Ingredients
2 tablespoons olive oil,
1¼ pounds skinless, boneless chicken thighs
Coarse kosher salt and freshly ground pepper
1 large onion, finely chopped
1 tablespoon minced fresh sage,
1 pound butternut squash, peeled, seeded, and cut into ½ inch pieces
2 bunches small turnips, unpeeled, cut into ½ -inch pieces, greens reserved
1½ cups plus 1 tablespoon low sodium chicken broth (preferably organic)
½ pound fresh shiitake mushrooms, stemmed, and cut into 1-inch pieces
1¼ teaspoons all-purpose flour
Preparation
In a heavy large skillet over medium-high heat, warm 1 tablespoon of the oil. Sprinkle the chicken with salt and pepper. Add the chicken to the skillet and brown, about 1½ minutes per side. Using tongs, transfer the chicken to a plate. Reduce the heat to medium; add the onion and sage, and sauté until tender, about 5 minutes. Add the squash and turnips, and stir to coat with oil. Add 1½ cups of the broth. Bring to a boil, reduce the heat to medium-low, cover, and simmer until the chicken is tender, about 25 minutes.
Meanwhile, in a large nonstick skillet over medium-high heat, warm the remaining 1 tablespoon oil. Add the mushrooms, sprinkle with salt and pepper, and sauté until tender, about 3 minutes. Remove from the heat. Chop the greens from 1 bunch of the turnips (reserve the remainder for another use).

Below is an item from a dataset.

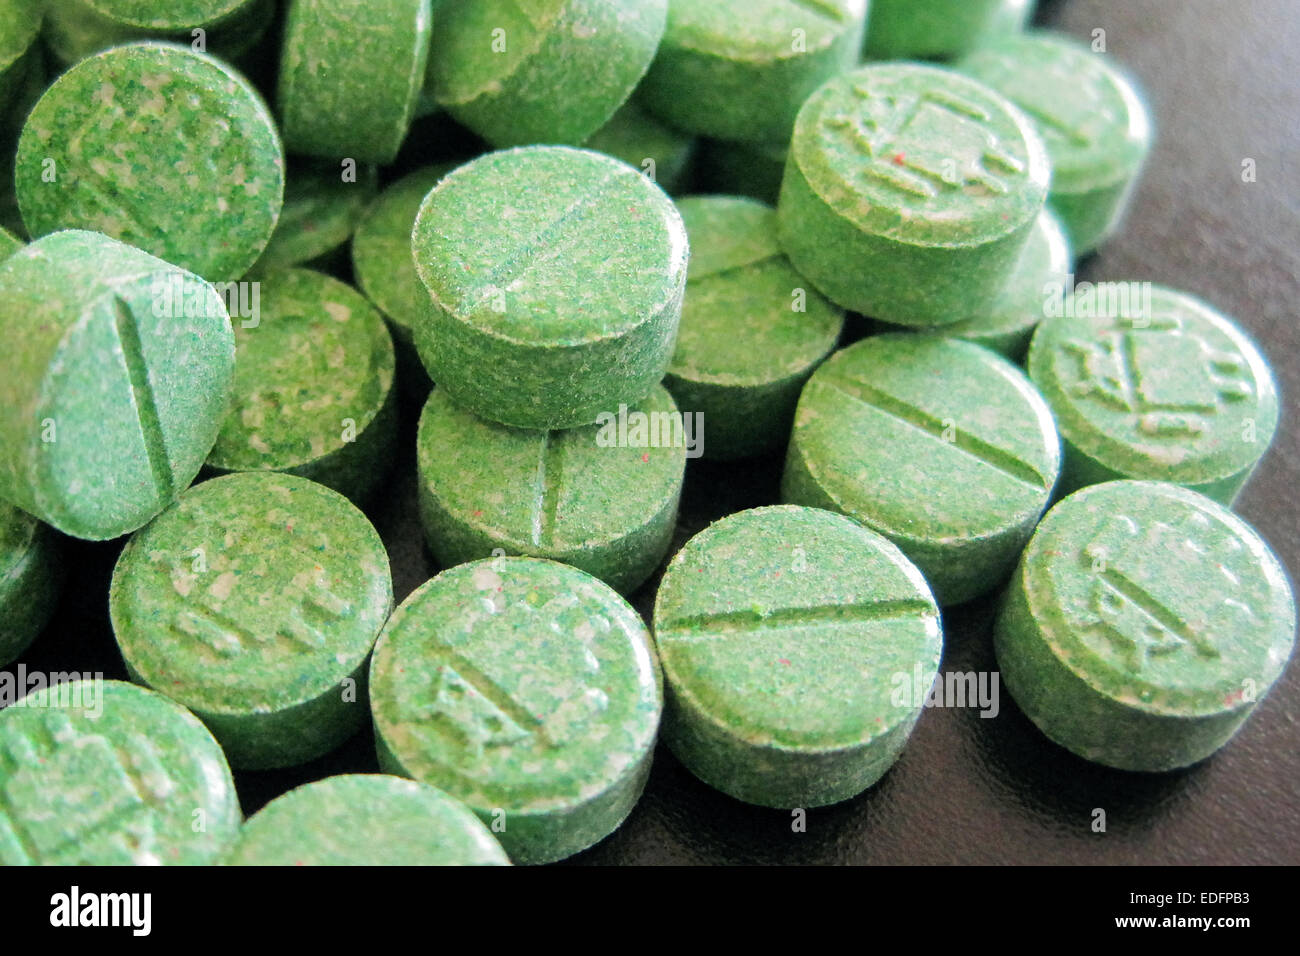 "Grüne Android" Ecstasy-Pillen, die zwischen 150-200mg MDMA (3,4-Methylendioxy-N-Methylamphetamin). Stockfoto

Add the mushrooms and chopped turnip greens to the chicken. Cover and simmer until the greens wilt, about 5 minutes. In a small bowl, place the flour; gradually add the remaining 1 tablespoon chicken broth, mixing until smooth. Add to the chicken mixture, mix it in, cover, and simmer until the sauce thickens, about 2 minutes. Taste and adjust the seasoning, and serve right away.